> **Problem statement**
Exactly as they appear, please output the lines from the one with "Pescado Bordado De" through the end of the material, without pictures.

> **Data extract**
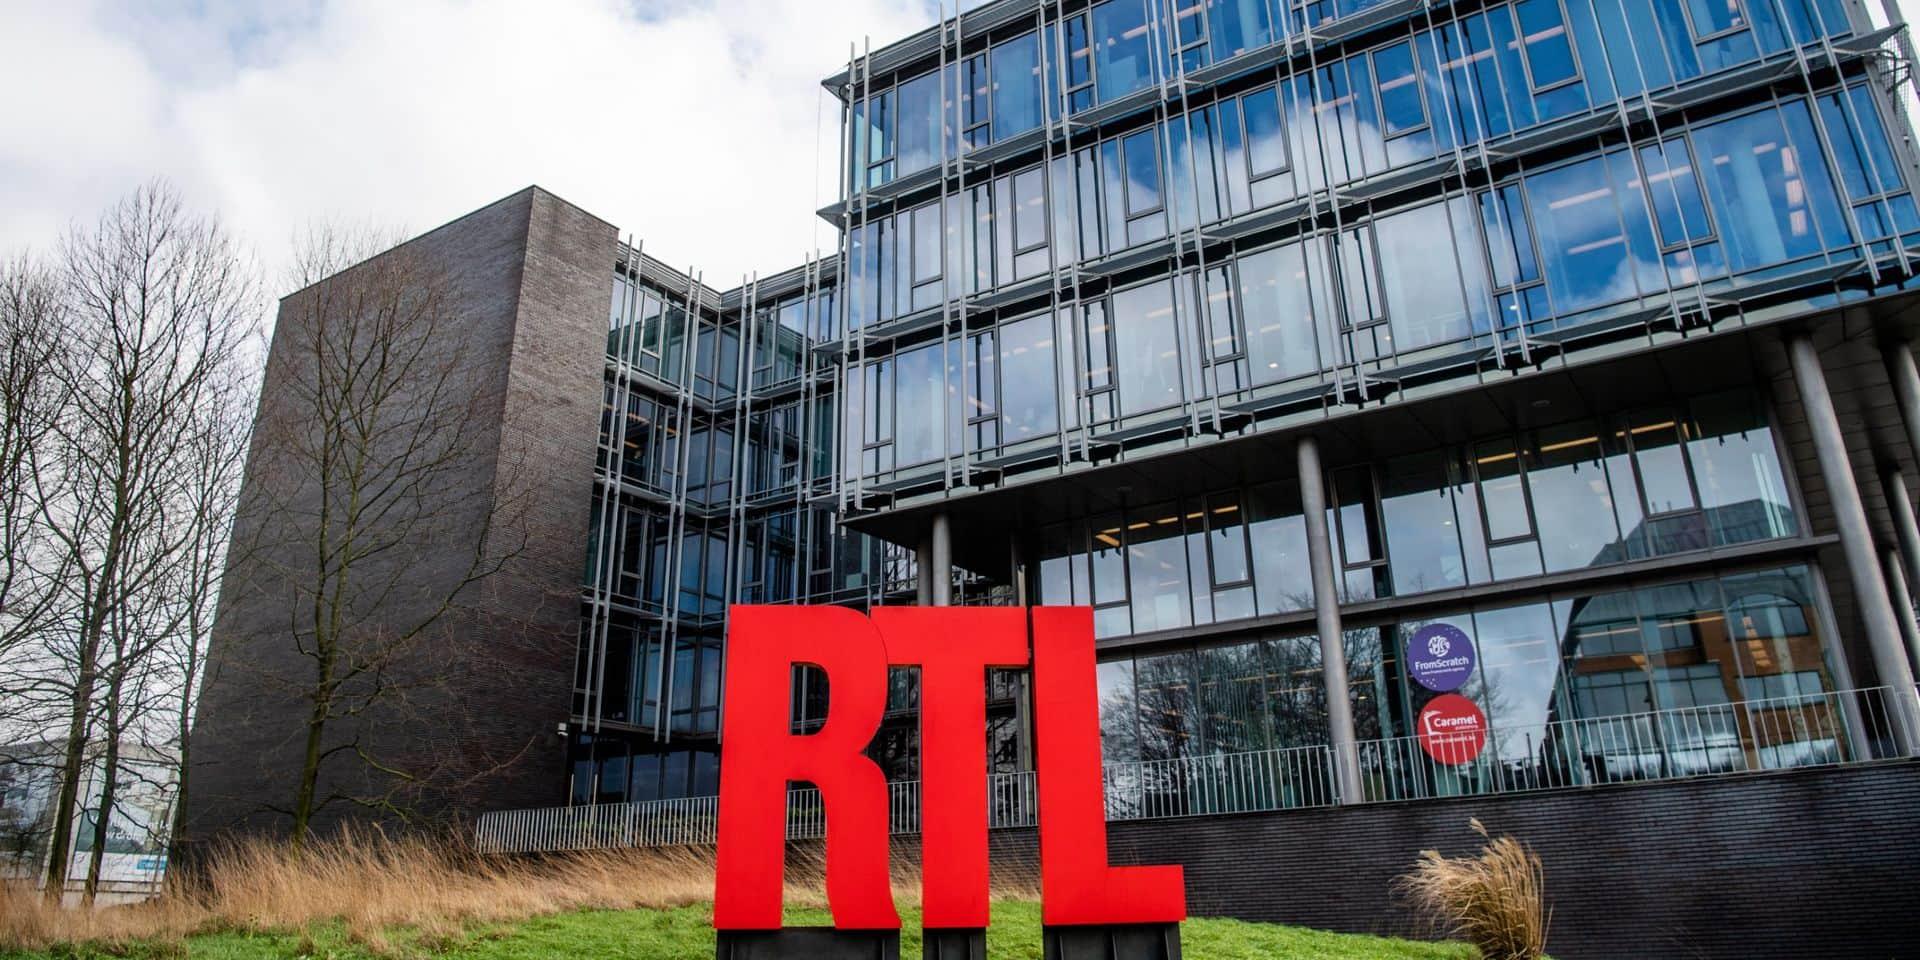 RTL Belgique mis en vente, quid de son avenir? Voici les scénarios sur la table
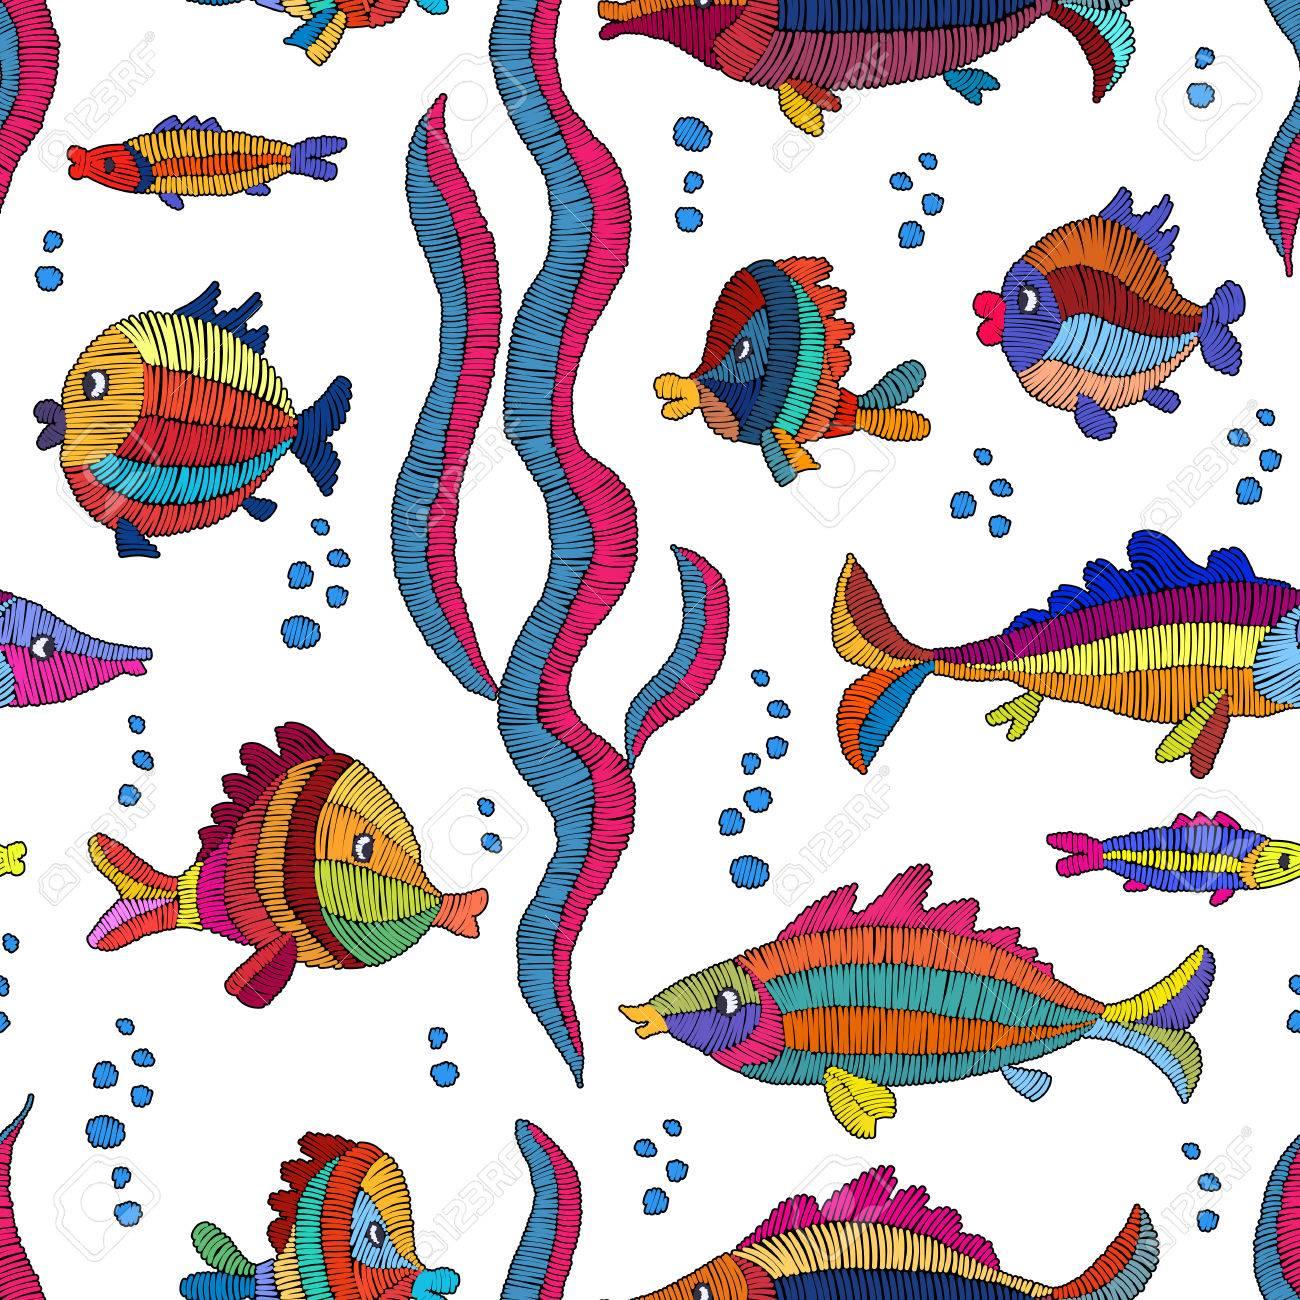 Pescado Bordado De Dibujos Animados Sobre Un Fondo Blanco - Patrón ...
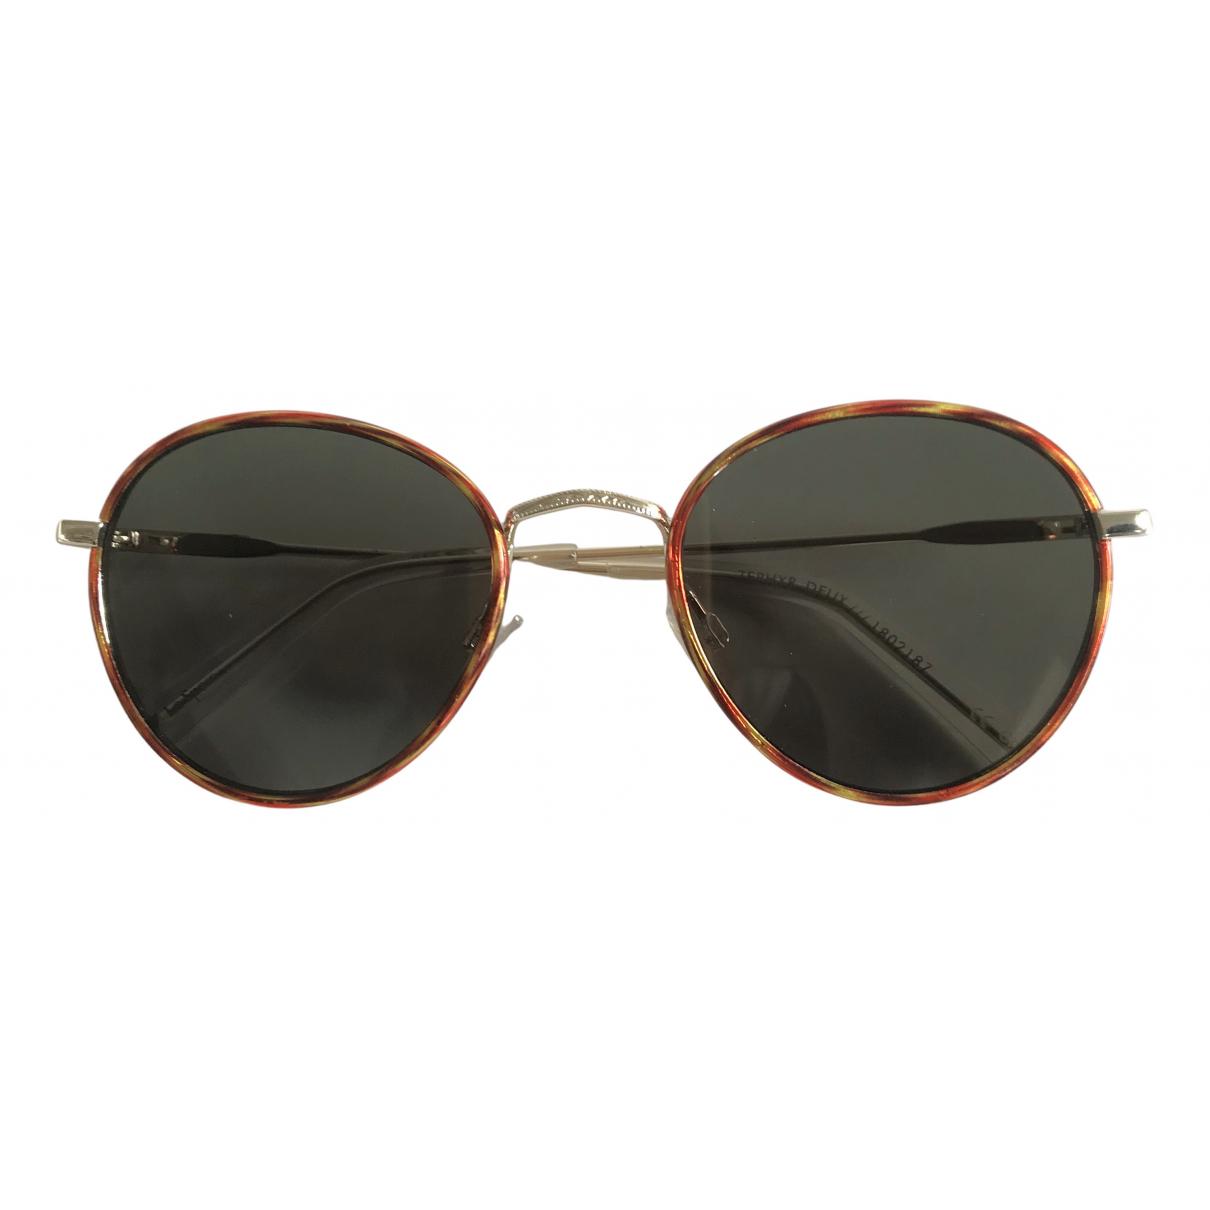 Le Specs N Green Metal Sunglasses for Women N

> **Expected output**
 Pescado Bordado De Dibujos Animados Sobre Un Fondo Blanco - Patrón ...
 Le Specs N Green Metal Sunglasses for Women N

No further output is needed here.